Is there some expiration mechanism in the law, or is it entirely up to the Republican leadership when that debate and vote happens? (I realize that even with some kind of trigger in the law itself, the leadership can do a lot to affect the timing.)

Nell Lancaster

Sorry, that question was meant to be

What's the timetable for the crucial struggle on making the big Bush tax cuts permanent?

Nell Lancaster

For those uncomfortable with the equation of 'tax=bad' in the term privatization tax:

Is privatization penalty an improvement?

Patrick R. Sullivan

Well, the only specific piece of legislation proposed so far, spells out how to manage the cash flow problem--which is a different thing than a 'cost'--of moving to private accounts, pretty clearly:

http://www.house.gov/ryan/press_releases/2004pressreleases/Saving_Social_Security.htm

Buckaroo

The Ryan plan is a real hoot.

It purports to fund a bigger diversion of SS revenue than the current Bush plan by holding down government spending, like we did during the Clinton years, and using the surplusses to pay off the transition debt.

Yea, right.

Bob H

The Republicans are going after Social Security because it is There- an example of a successful, collective public policy in which Americans help one another. Bush wants to collect Social Security's scalp. The motivation is entirely destructive, like that of the Vandals at the gates of Rome.

kenrufo

As someone why studies rhetoric for a living, let me stress fundamentally how important it is to "frame" issues through particular word choices. There's no shortage of historical examples for this, but name's matter: civil war vs. war of northern aggression, the death tax vs. the estate tax, the child custody act vs. the more limiting of sexual rights act (it's actual function), and so on and so forth. Pretty much everyone interested in communication has recognized the importance of naming things (from Antiphon and Plato's Cratylus to Bourdieu's recent work on symbolic capital and Foucault's "discursive formations"), and in this media age especially, where the meme often matters more for public perception than the reality signified by that meme, those of us on the left would do well to spend even more time on it than we currently do. Especially for those of us "reality-based community" people, who tend to be a bit more wonkish in our demeanor than many; we need to sacrifice a little wonk and offer up something more like a wink.

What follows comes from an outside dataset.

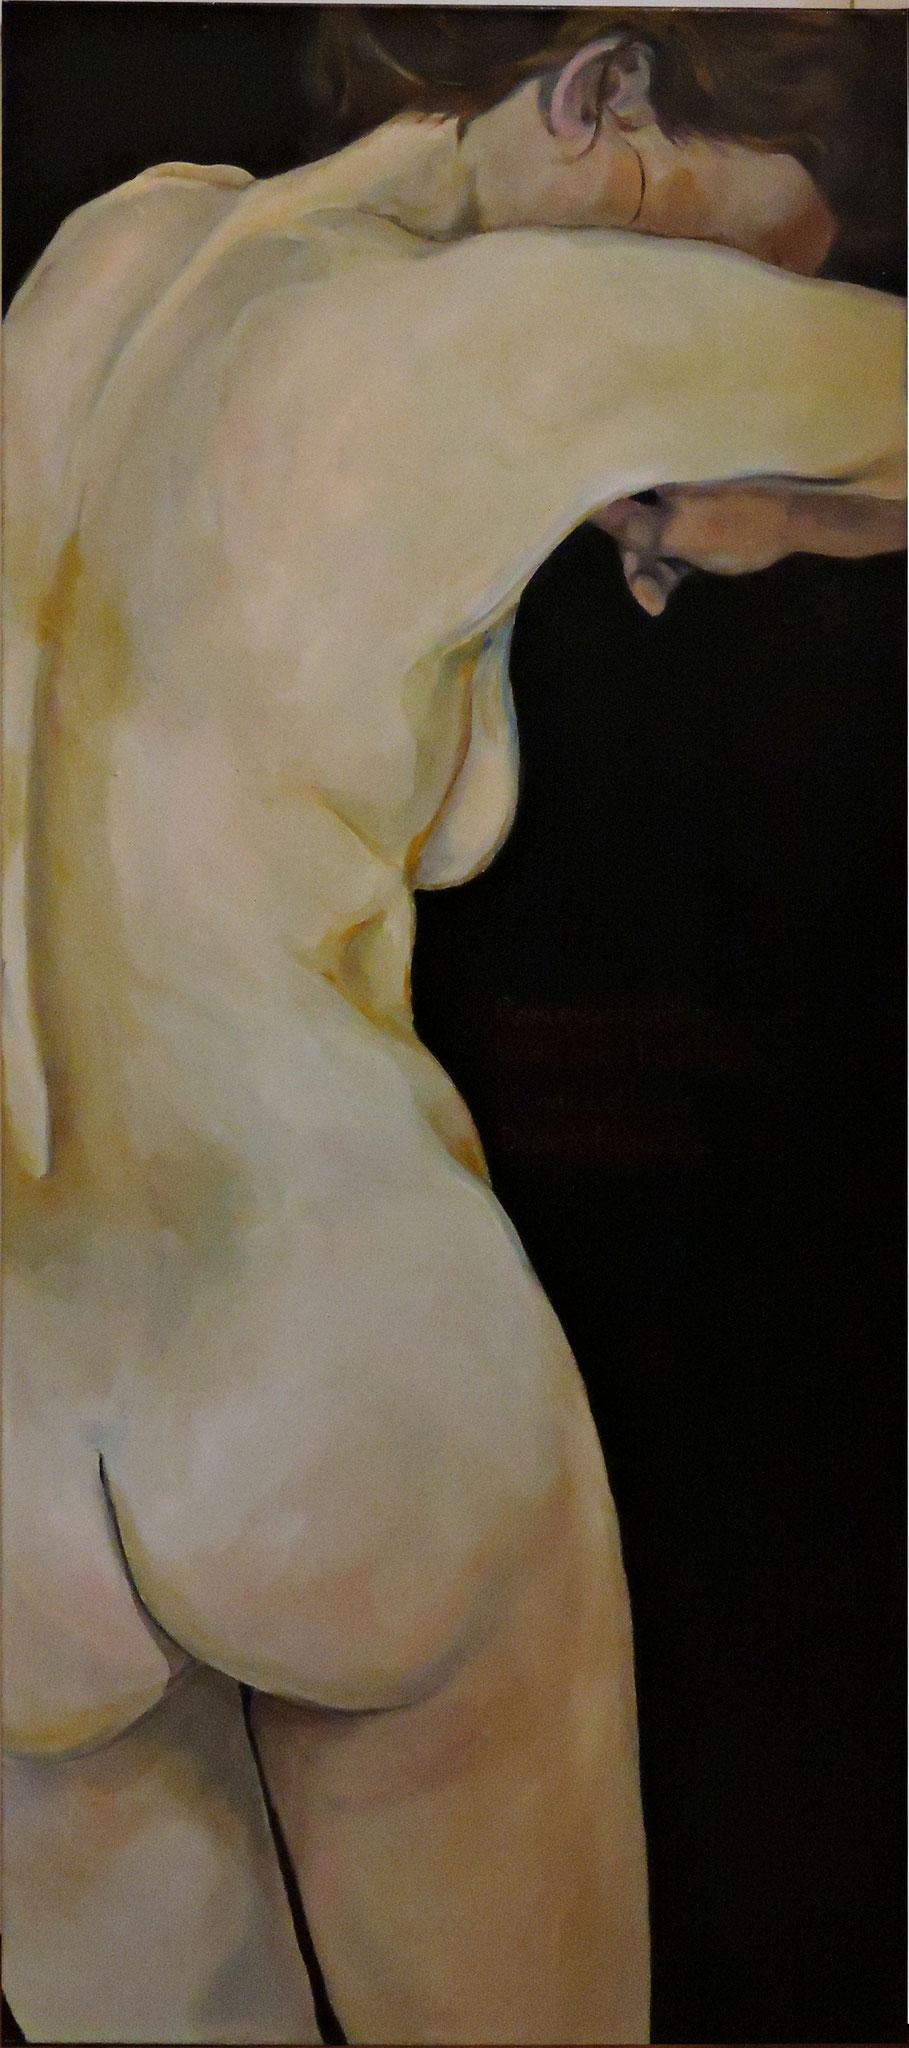 """Nausikaa"", Öl auf Leinwand, 140 x 60 cm, 2014.  3100,00 € (inkl.MwSt.)"

That being said, framing isn't a cure-all, nor is it the only approach to understanding the rhetorical consequences of policy-making. Framing, like any perspectival arrangment, costs you something, in that it provides a filter through which you'll then view certain realities. Kenneth Burke referred to this phenomenon as the terministic screen, a way of reflecting a given reality that selects it from a range of different interpretations and then deflects the openness to the alternatives. The Rockridge Institute, for example, is doing good work conceptualizing distinctions and strategies that progressives might use against conservatives, but does so by superimposing a very uniform model of the family, one that borders on the psychoanalytical. It excludes the role of apocalyptic religious influence, the success of foreign rhetorical frames, and the importance of in-group/out-group cohesion patterns.

Instead of just "framing," we might think in terms of what the late Michael Calvin McGee called "ideographs," words that symbolically condense an array of information. To that extent, both birth tax and privitization tax are great ideographs, even if they operate in a frame that assumes that taxation is something to be derided. What might be also beneficial (and necessary) is beginning to talk out the question of taxes on a metalevel, either in terms of communal obligation (a harder sell), or in terms of intergenerational equity (an easier sell, since it can capture the language of inheritance. After all, if the shift from the language of estate tax to death tax shows anything it's that even Republicans recognize that some taxes are more equal than others. So it may just be a matter of figuring out a way to speak the language of taxes in a manner more amenable to progressive interests. And while I actually really like the idea of "penalty" as a term, it might also be beneficial to borrow from the language of civil/criminal asset forfeiture.